* EXERCISE DIRECTIONS:
Your task is to output the listing exactly, leaving every image out.

### DATASET SECTION

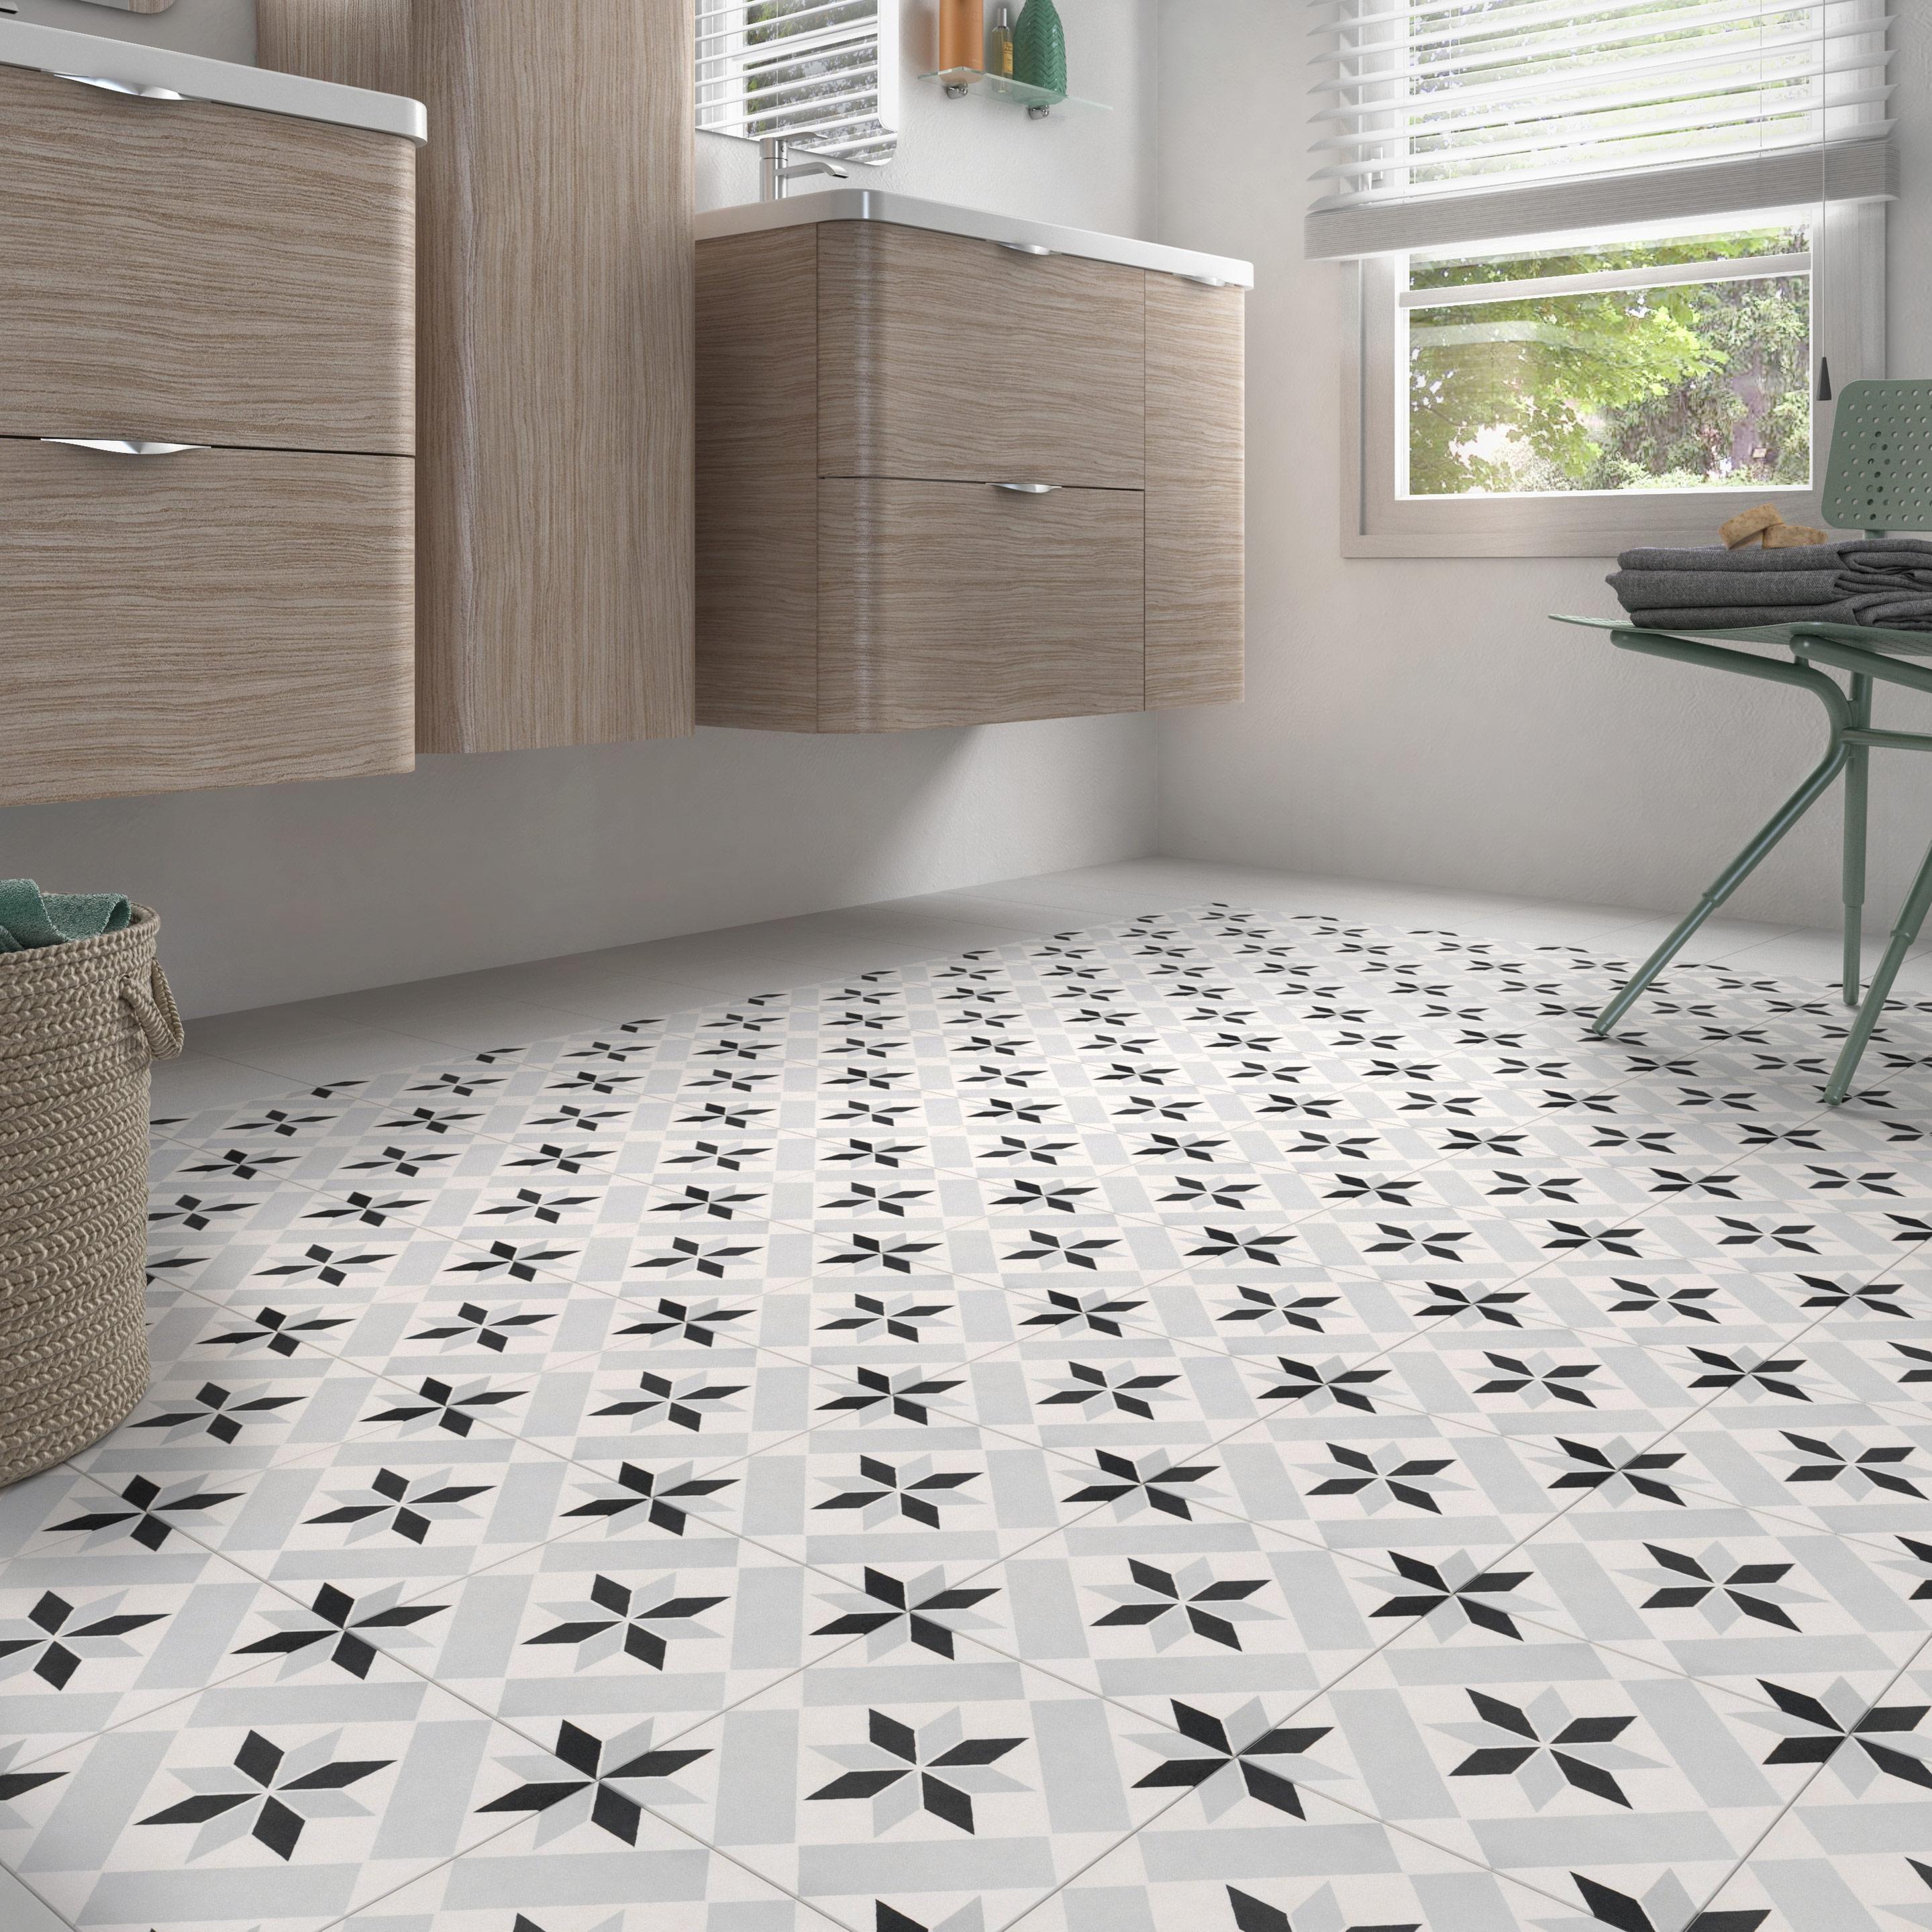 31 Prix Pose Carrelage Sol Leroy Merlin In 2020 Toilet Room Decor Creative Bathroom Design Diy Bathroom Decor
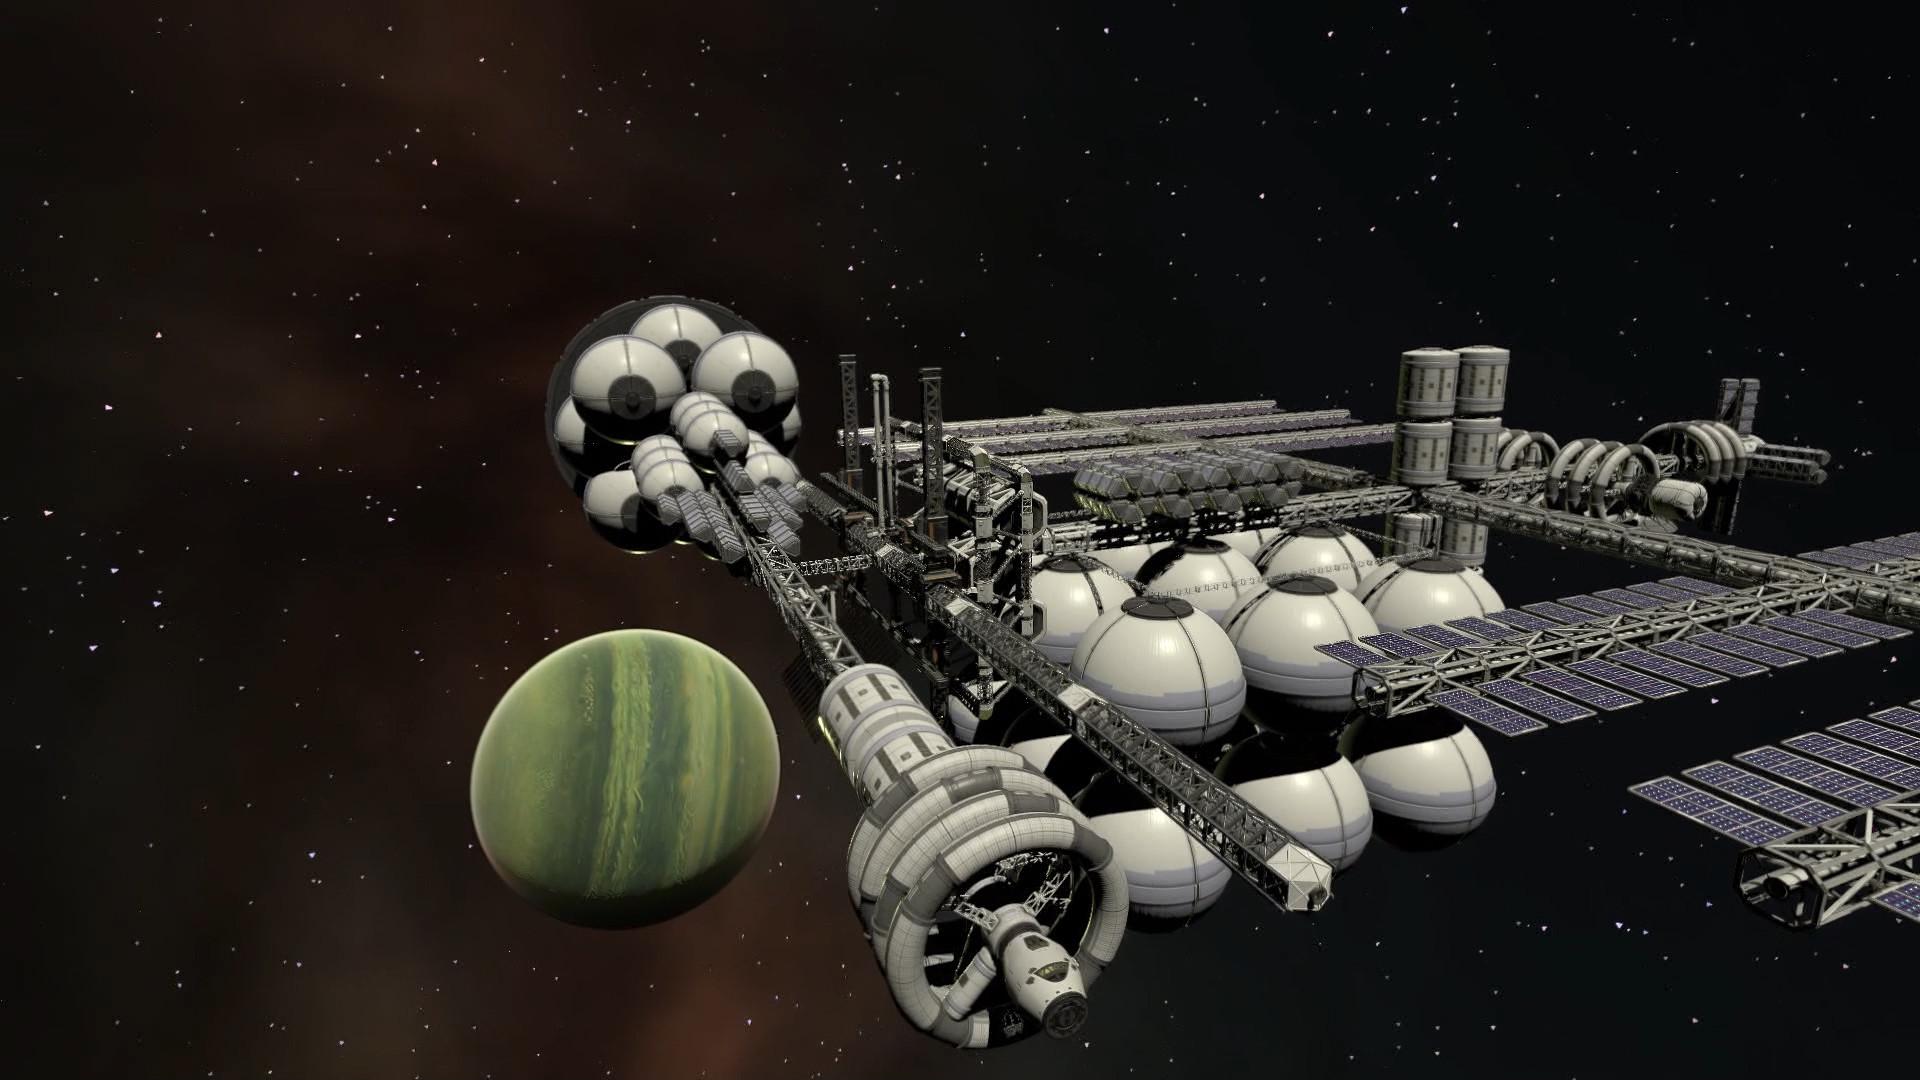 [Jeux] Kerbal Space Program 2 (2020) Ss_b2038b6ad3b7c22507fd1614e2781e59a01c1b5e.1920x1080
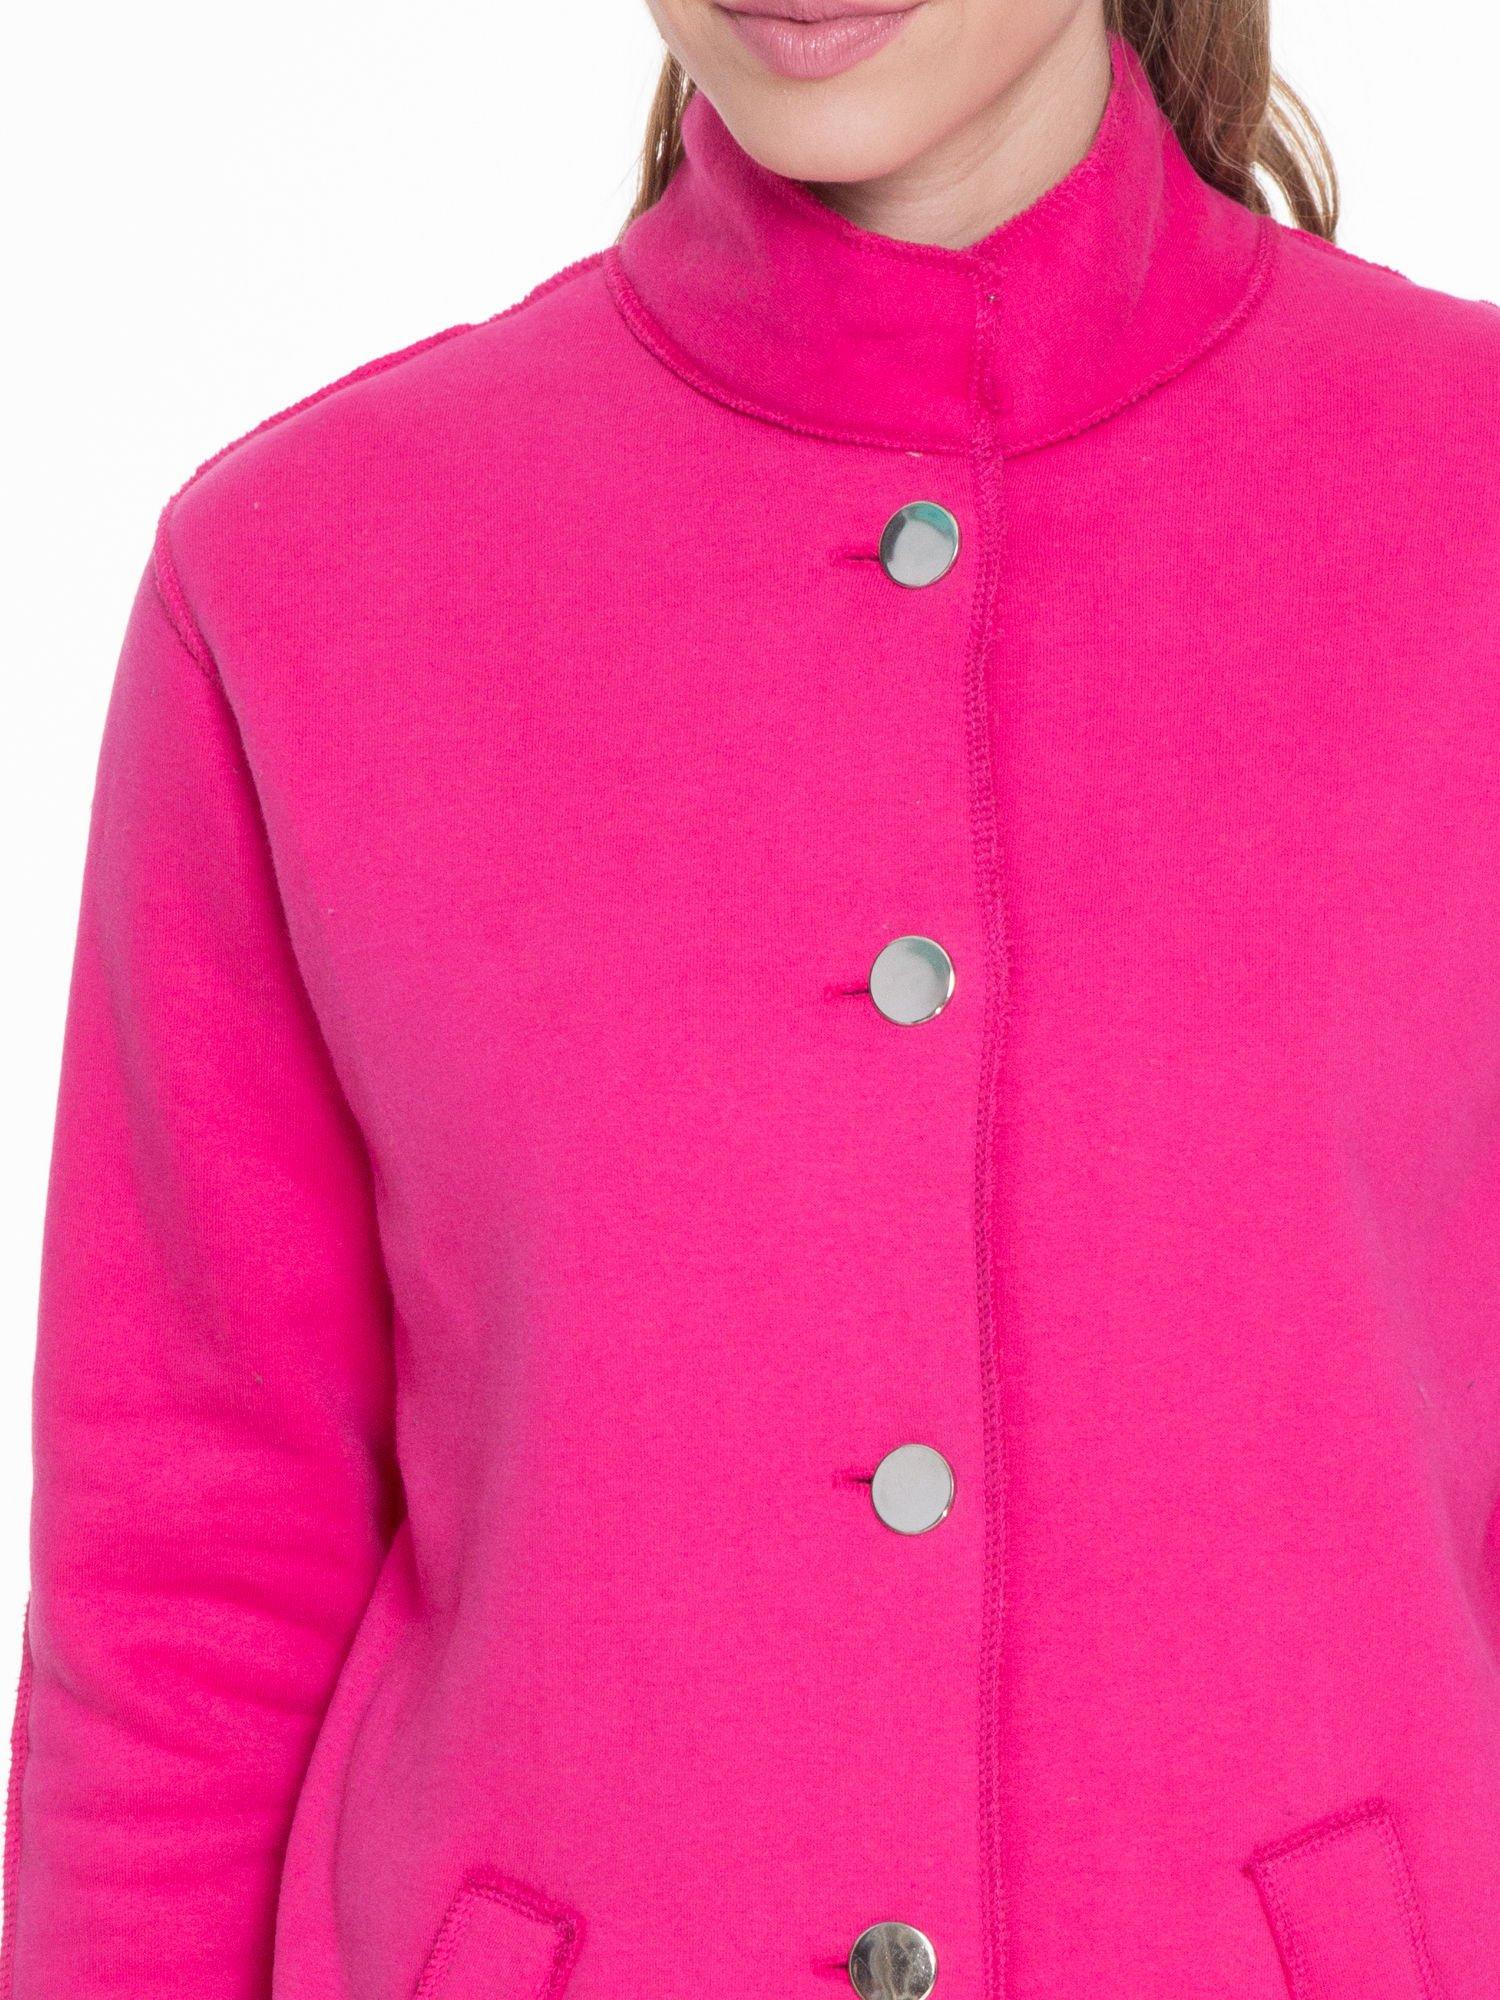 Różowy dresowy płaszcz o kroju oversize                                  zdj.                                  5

######

* TASK ANSWER:
 31 Prix Pose Carrelage Sol Leroy Merlin In 2020 Toilet Room Decor Creative Bathroom Design Diy Bathroom Decor
 [Jeux] Kerbal Space Program 2 (2020) Ss_b2038b6ad3b7c22507fd1614e2781e59a01c1b5e.1920x1080
 Różowy dresowy płaszcz o kroju oversize                                  zdj.                                  5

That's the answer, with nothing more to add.